5393 sayılı Belediye Kanunu’nun 3/b maddesinde belediyenin organları; belediye meclisi, belediye encümeni ve belediye başkanı şeklinde tanımlanırken, 34/e maddesinde “Kanunlarda öngörülen cezaları vermek” belediye encümeninin görevleri arasında sayılmış, anılan Kanun’un 38. maddesinin (h) ve (p) bentlerinde de “Meclis ve encümen kararlarını uygulamak”, “Kanunlarla belediyeye verilen ve belediye meclisi veya belediye encümeni kararını gerektirmeyen görevleri yapmak ve yetkileri kullanmak” görev ve yetkilerinin belediye başkanına ait olduğu ifade edilmiştir.
5216 sayılı Büyükşehir Belediyesi Kanunu’nun 18. maddesinde, büyükşehir belediye başkanının görev ve yetkileri tek tek sayılmış olup, sözkonusu maddede “kanunlarda öngörülen cezaları vermek” büyükşehir belediye başkanının görev ve yetkileri arasında belirtilmemiştir. Aynı Kanun’un 28. maddesinde ise, “Belediye Kanunu ve diğer ilgili Kanunların bu kanuna aykırı olmayan hükümleri ilgisine göre büyükşehir ve ilçe belediyeleri hakkında da uygulanır. ” hükmüne yer verilmiştir.
5326 sayılı Kabahatler Kanunu’nun “İdarî yaptırım kararı verme yetkisi” başlıklı 22. maddesinde; “1) Kabahat dolayısıyla idarî yaptırım kararı vermeye ilgili kanunda açıkça gösterilen idarî kurul, makam veya kamu görevlileri yetkilidir, 2) Kanunda açık hüküm bulunmayan hallerde ilgili kamu kurum ve kuruluşunun en üst amiri bu konuda yetkilidir.” hükmü yer almaktadır.
Kamu idaresinin hızlı çalışabilmesi ve çeşitli sebeplere binaen Kanun’da yetkili kılınan makam tarfından başka bir makama yetkinin devredilmesi gerekli olabilir.

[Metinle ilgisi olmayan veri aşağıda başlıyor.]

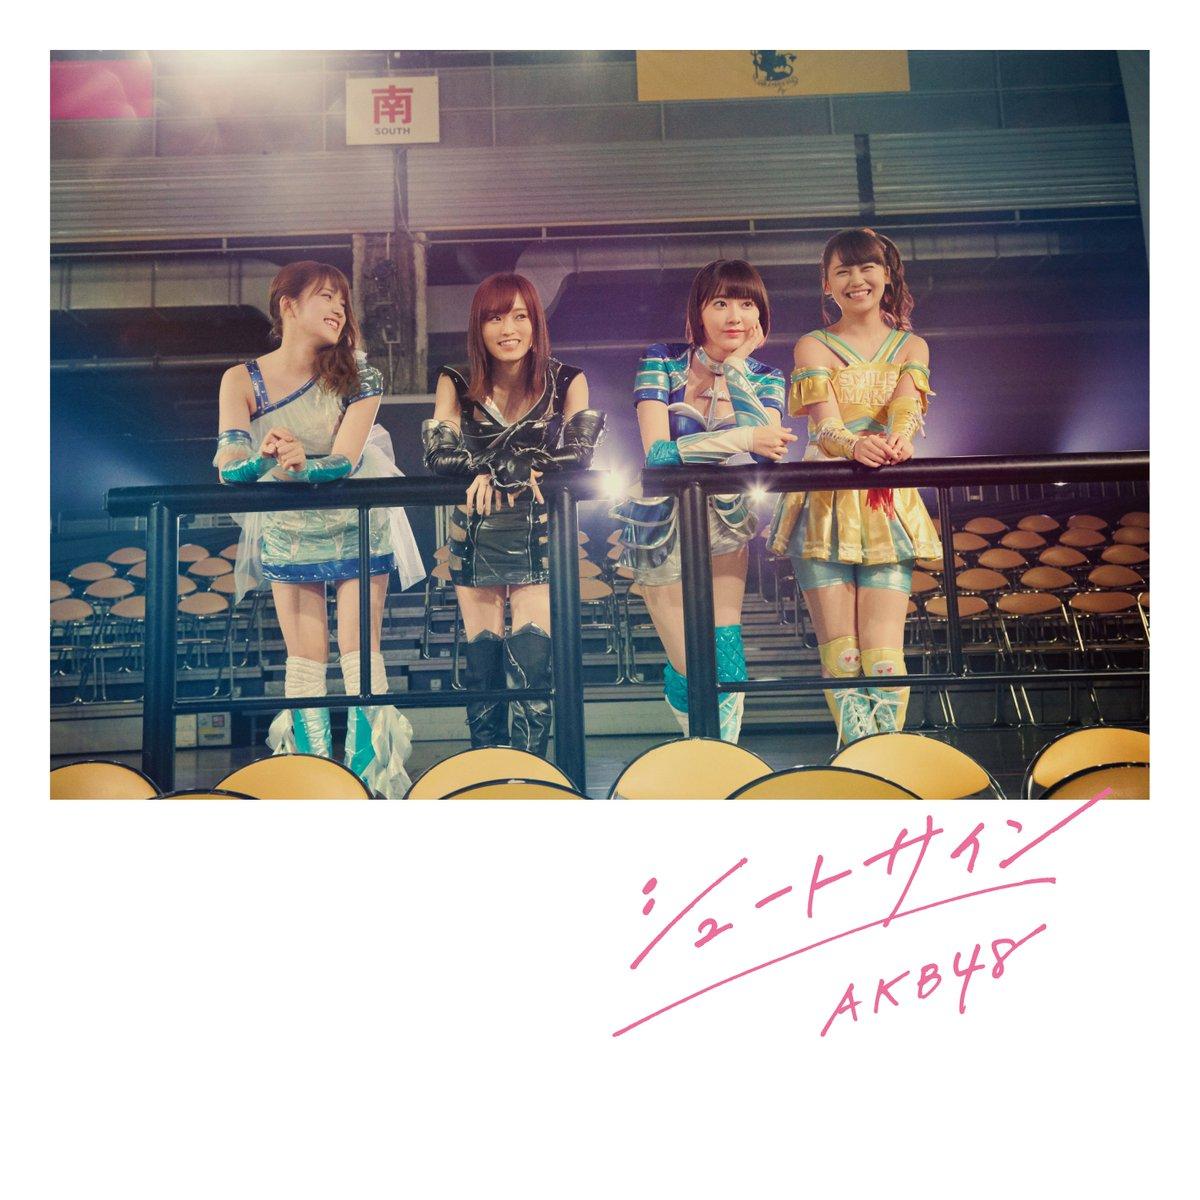 AKB48 新曲ジャケ写もプロレス! 通常盤TypeB~E  http://www. oricon.co.jp/news/2086226/f ull/?ref_cd=tw_pic &nbsp; …    #AKB48 #SKE48 #NMB48 #HKT48 #NGT48<br>http://pic.twitter.com/edgkl96SZ9

Yetkinin bizzat yetkili makamca kullanılması esasına bir istisna olarak ifade edilen “yetki devri” müessesi, yasayla bir makama verilen karar alma yetkisinin, diğer bir makama aktarılması olup, doktrin ve yargısal içtihatlarla, yetki ögesinin nitelikleri dikkate alınarak geliştirilen bir takım koşul ve kurallara tabidir. Bu kriterlere uyulmadan yapılan yetki devri hukuki bakımdan geçerli sayılmayacak ve dolayısıyla bu yetki devrine dayanılarak tesis edilen idari işlemleri de geçersiz hâle getirebilecektir.
Yetki devrinin, ancak Kanunun açıkca izin vermesi halinde ve yine açıkça izin verdiği konular hakkında yapılabileceği ilgili yasalarda ve yargı içtihatlarında kabul edilmektedir. İmza yetkisinin devrinde ise, yetkili makam yetkili olduğu işlemlerden bir kısmının imzalanması yetkisini, astlarına devretmekte, imza yetkisini devralan kişi de, vekaleten görevlendirmeden farklı olarak, imza yetkisini devreden amirin görevi başında olduğu zamanlarda da bu yetkiyi kullanmaktadır. Ancak imza yetkisinin devrinde, yetki devrinden farklı olarak karar alma yetkisi imza yetkisini devreden makamda kalmaktadır.
Belediye başkanlarının da ancak yasal olarak münhasıran belediye başkanının imzalayacağı işlemler dışında olmak üzere kendilerinin imzalayacakları diğer işlemlerle sınırlı olarak imza yetkilerini devredebilecekleri şüphesizdir. Ancak belediye encümenine ait bir yetkinin belediye başkanı tarafından imza devri usulü ile devredilemeyeceği de tabidir.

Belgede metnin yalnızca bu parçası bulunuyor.